SECTION 6.6. LIMITATION ON SUITS BY HOLDERS OF SUBORDINATED SECURITIES.
No Holder of any Subordinated Security of any Series shall have any right by
virtue or by availing of any provision of this Subordinated Indenture to
institute any suit, action or proceeding in equity or at law upon or under or
with respect to this Subordinated Indenture or for the appointment of a receiver
or trustee, or for any other remedy hereunder, unless such Holder previously
shall have given to the Trustee written notice of a continuing Event of Default,
as hereinbefore provided, and unless also the Holders of not less than 25% in
principal amount of the Subordinated Securities of such Series then Outstanding
shall have made written request upon the Trustee to institute such action, suit
or proceeding in its own name as Trustee hereunder and shall have offered to the
Trustee such reasonable indemnity as it may require against the costs, expenses
and liabilities to be incurred therein or thereby (including the reasonable fees
of counsel for the Trustee), and the Trustee, for 60 days after its receipt of
such notice, request and offer of indemnity, shall have neglected or refused to
institute any such action, suit or proceeding and no direction inconsistent with
such written request shall have been given to the Trustee pursuant to this
Section 6.6; it being understood and intended, and being expressly covenanted by
the taker and Holder of every Subordinated Security with every other taker and
Holder and the Trustee, that no one or more Holders of Subordinated Securities
shall have any right in any manner whatever by virtue or by availing of any
provision of this Subordinated Indenture to affect, disturb or prejudice the
rights of the Holders of any other of such Subordinated Securities, or to obtain
or seek to obtain priority over or preference to any other such Holder, or to
enforce any right under this Subordinated Indenture, except in the manner herein
provided and for the equal, ratable and common benefit of all Holders of
Subordinated Securities. For the protection and enforcement of the provisions of
this Section 6.6, each and every Holder and the Trustee shall be entitled to
such relief as can be given either at law or in equity.

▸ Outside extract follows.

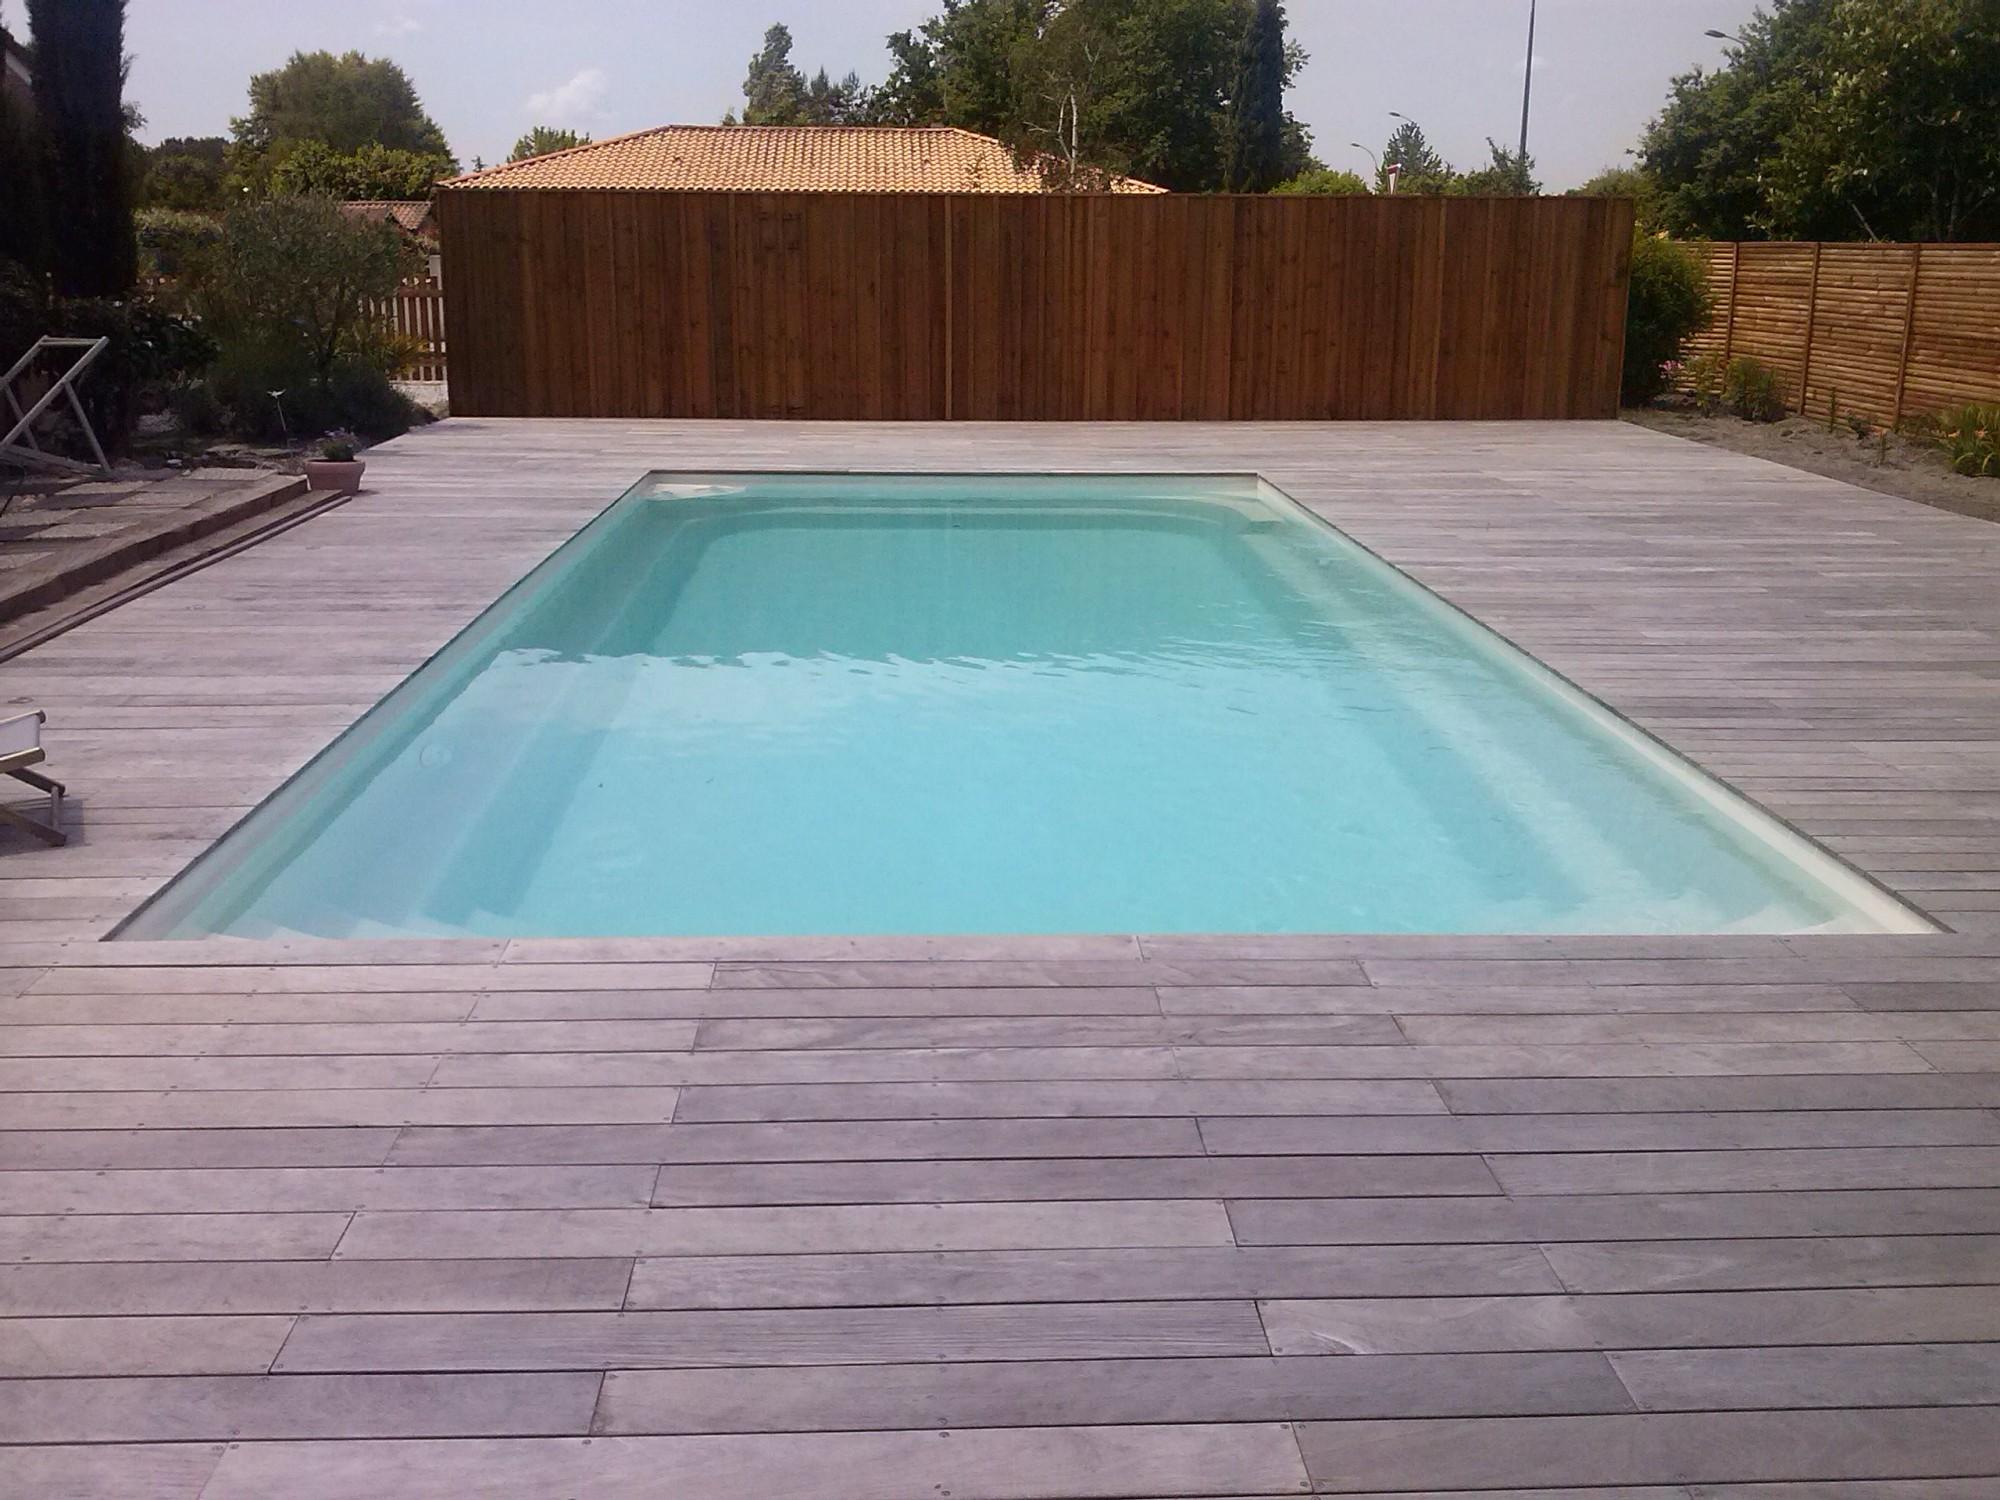 Terrasse bois exotique piscine nos conseils for Piscine sur pilotis

Notwithstanding any other provisions in this Subordinated Indenture,
the right of any Holder of any Subordinated Security to receive payment of the
principal of and interest on such Subordinated Security on or after the
respective due dates expressed in such Subordinated Security (or, in the case of
redemption, on or after the date fixed for redemption), or to institute suit for
the enforcement of any such payment on or after such respective dates shall not
be impaired or affected without the consent of such Holder.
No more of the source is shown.